Там у них в эмиграции началось движение за возвращение в Россию, даже появилось словечко, звучавшее, правда, больше по большевистским моделям: «лишенец», «снабженец», «отщепенец», появилось словечко – «возвращенец». Сотни эмигрантов (особенно много во Франции) получили советские (серпастые и молоткастые) паспорта и советское гражданство. Теперь они могли, если бы захотели, возвращаться в СССР. Не домой, не в Россию, но все-таки ведь в Москву. Образовался в эмиграции Союз Советских Патриотов, и членами этого Союза были не единицы, а сотни и тысячи русских людей.

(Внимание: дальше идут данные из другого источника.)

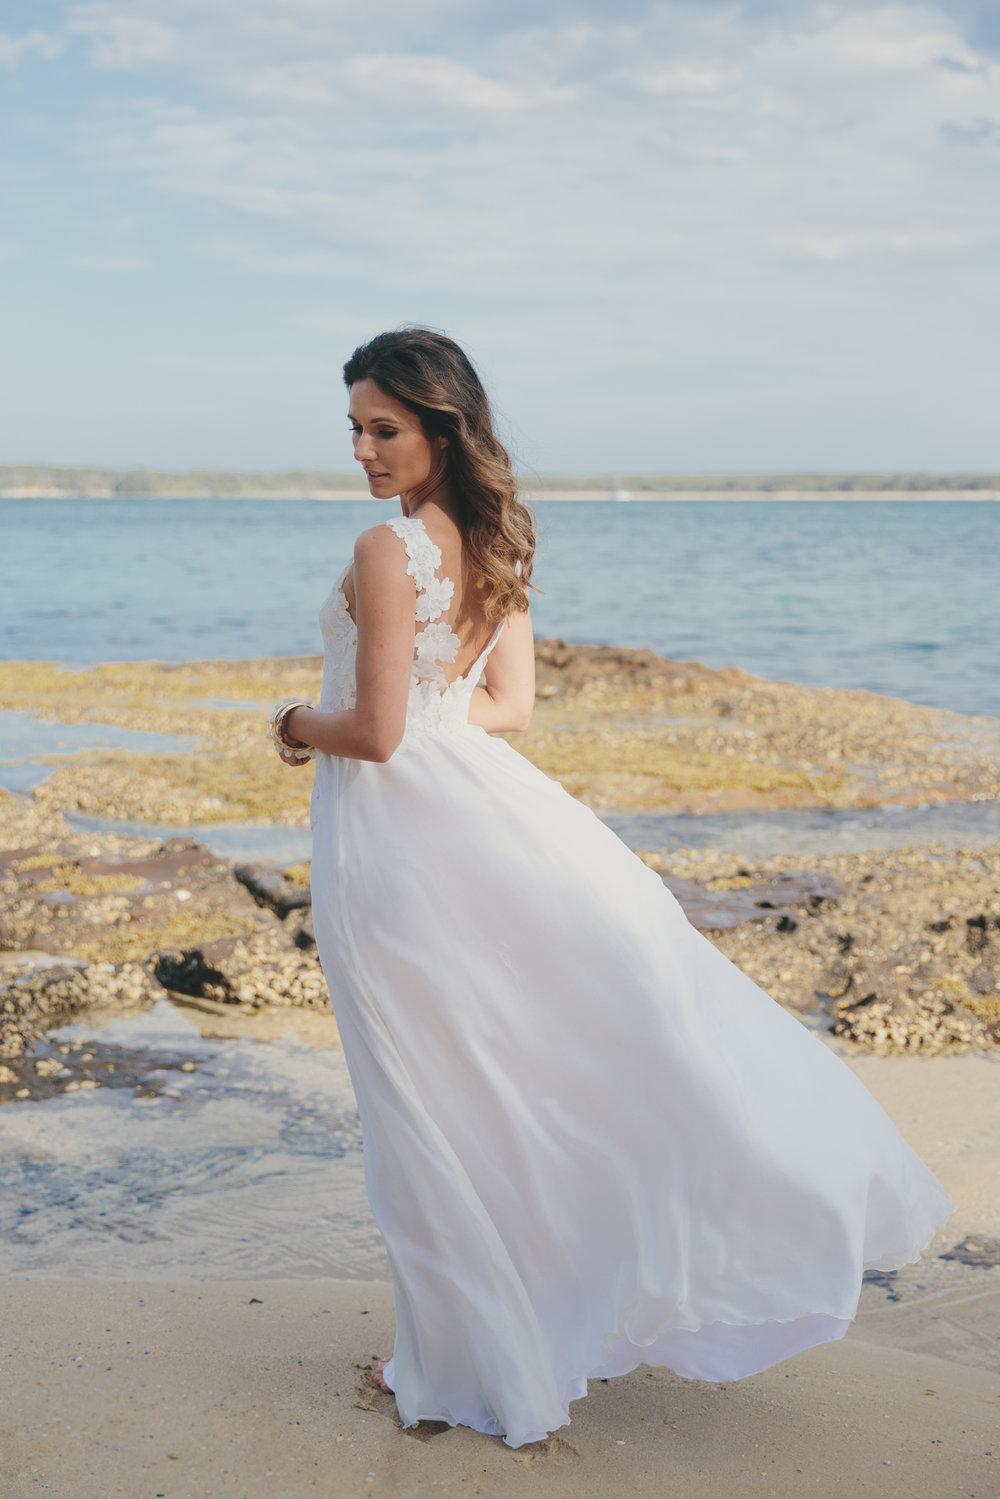 Amber Joy Photography   Laura Kinnear  Amy New Bridal  The Bridal Bar

Самым первым «возвращенцем» оказался Вертинский. Впрочем, его нельзя причислять к тем патриотам, которые стали получать советские паспорта после окончания войны, после Победы. Вертинский вернулся в 1943 году, когда перелом в войне, может быть, и наметился, но полной ясности еще не было. А если учесть, что проситься домой он начал, вероятно, раньше, то приходится признать, что он возвратился в страну воюющую, но еще отнюдь не победившую.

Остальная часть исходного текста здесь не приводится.